» Recorded data:
____
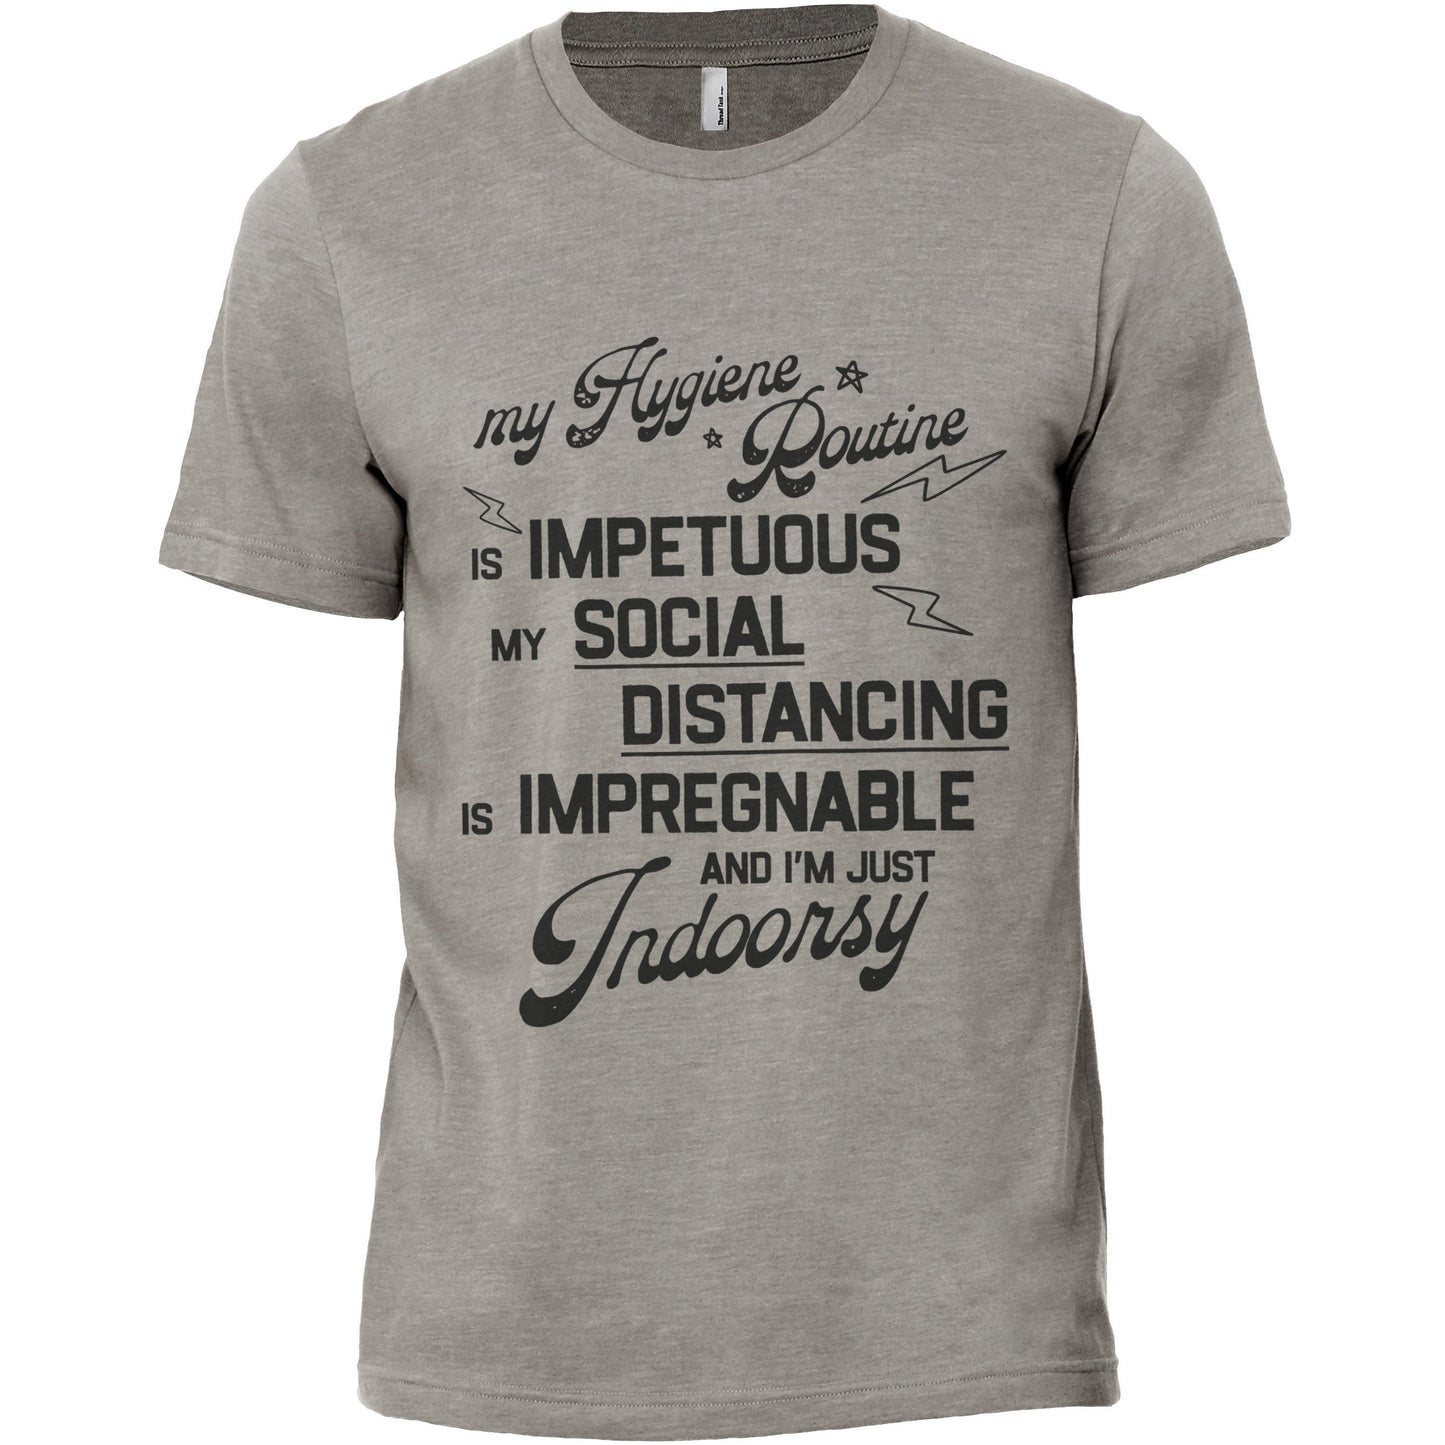 Hygiene Routine Impetuous Military Grey Printed Graphic Men's Crew T-Shirt Tee
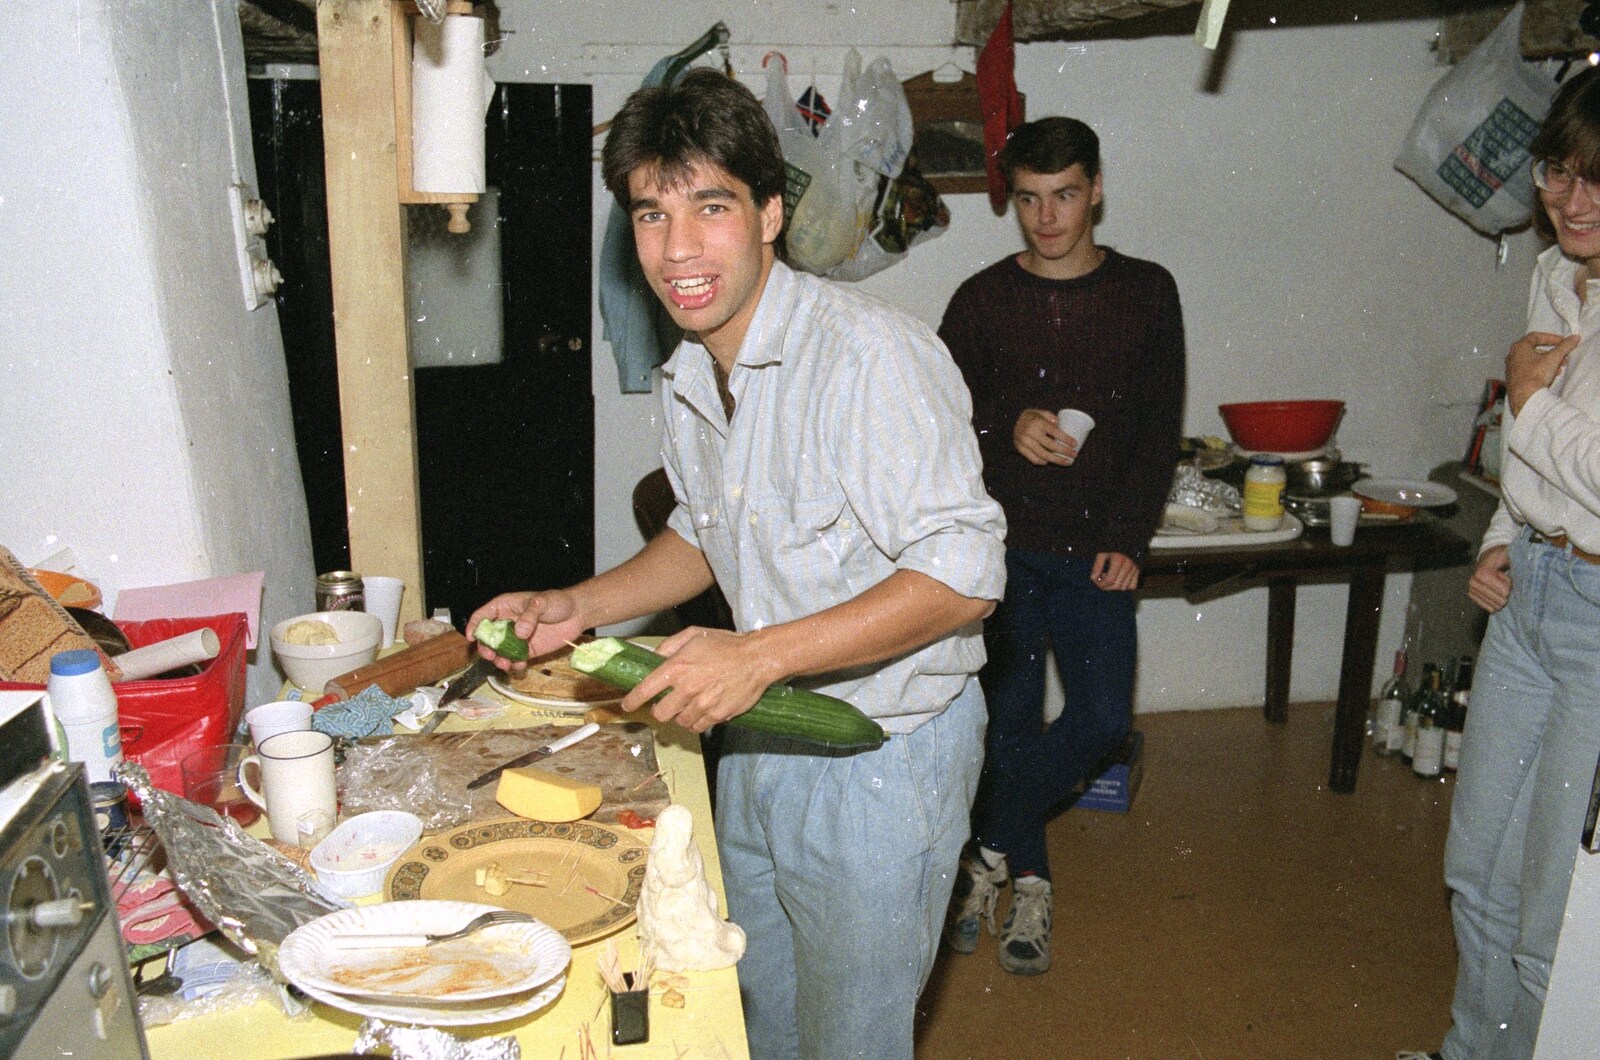 Liz's Party, Abergavenny, Monmouthshire, Wales - 4th August 1990: Nigel Mukherjee with a cucumber
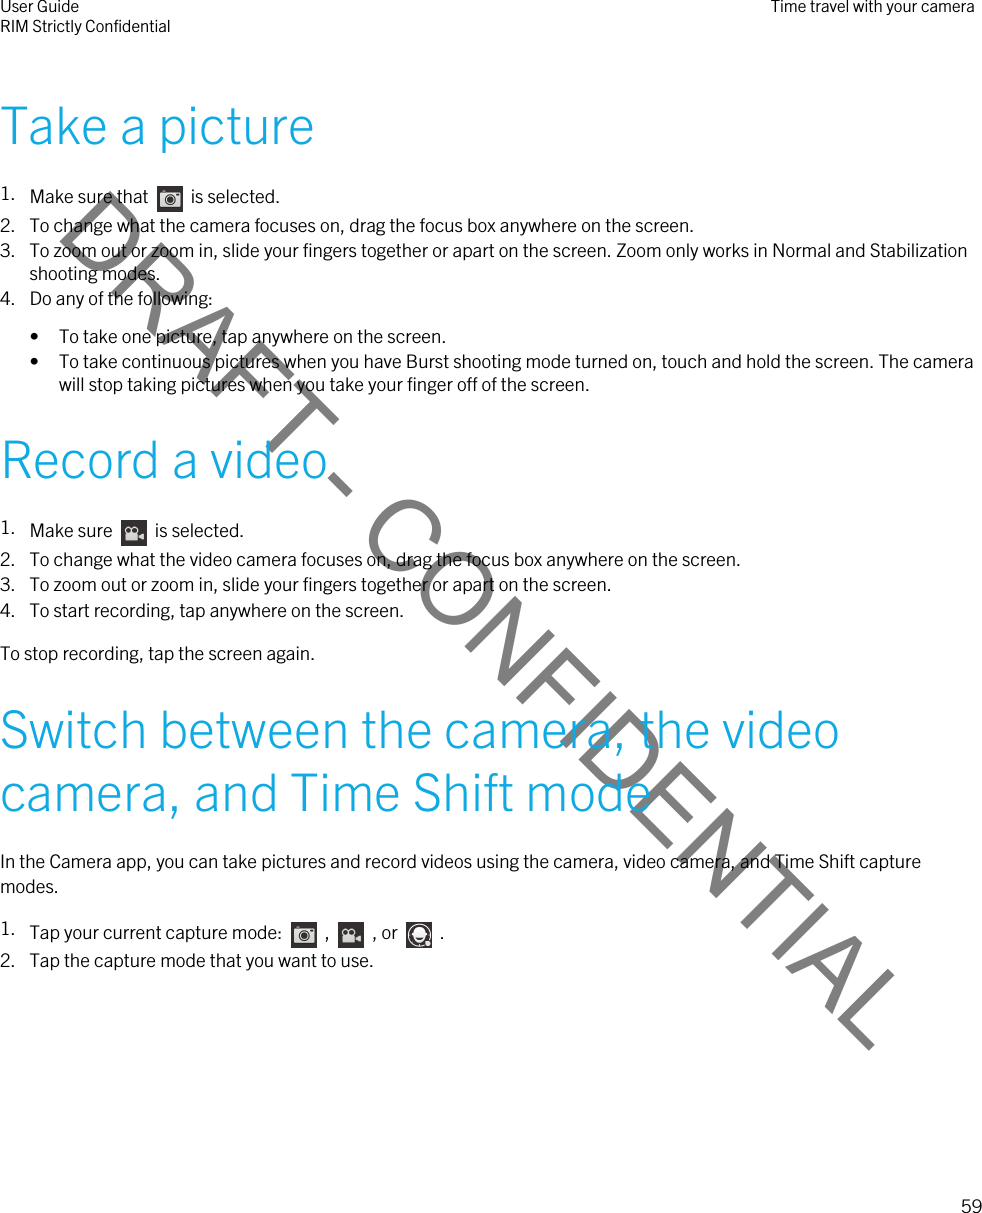 DRAFT - CONFIDENTIALTake a picture1. Make sure that    is selected. 2. To change what the camera focuses on, drag the focus box anywhere on the screen.3. To zoom out or zoom in, slide your fingers together or apart on the screen. Zoom only works in Normal and Stabilization shooting modes.4. Do any of the following:• To take one picture, tap anywhere on the screen.• To take continuous pictures when you have Burst shooting mode turned on, touch and hold the screen. The camera will stop taking pictures when you take your finger off of the screen.Record a video1. Make sure    is selected. 2. To change what the video camera focuses on, drag the focus box anywhere on the screen.3. To zoom out or zoom in, slide your fingers together or apart on the screen.4. To start recording, tap anywhere on the screen.To stop recording, tap the screen again.Switch between the camera, the video camera, and Time Shift modeIn the Camera app, you can take pictures and record videos using the camera, video camera, and Time Shift capture modes.1. Tap your current capture mode:    ,    , or    .2. Tap the capture mode that you want to use.User GuideRIM Strictly Confidential Time travel with your camera59
____
» How to complete this task:
Reproduce the listing above exactly, but skip the pictures.

» The answer:
 Hygiene Routine Impetuous Military Grey Printed Graphic Men's Crew T-Shirt Tee
 Liz's Party, Abergavenny, Monmouthshire, Wales - 4th August 1990: Nigel Mukherjee with a cucumber
 DRAFT - CONFIDENTIALTake a picture1. Make sure that    is selected. 2. To change what the camera focuses on, drag the focus box anywhere on the screen.3. To zoom out or zoom in, slide your fingers together or apart on the screen. Zoom only works in Normal and Stabilization shooting modes.4. Do any of the following:• To take one picture, tap anywhere on the screen.• To take continuous pictures when you have Burst shooting mode turned on, touch and hold the screen. The camera will stop taking pictures when you take your finger off of the screen.Record a video1. Make sure    is selected. 2. To change what the video camera focuses on, drag the focus box anywhere on the screen.3. To zoom out or zoom in, slide your fingers together or apart on the screen.4. To start recording, tap anywhere on the screen.To stop recording, tap the screen again.Switch between the camera, the video camera, and Time Shift modeIn the Camera app, you can take pictures and record videos using the camera, video camera, and Time Shift capture modes.1. Tap your current capture mode:    ,    , or    .2. Tap the capture mode that you want to use.User GuideRIM Strictly Confidential Time travel with your camera59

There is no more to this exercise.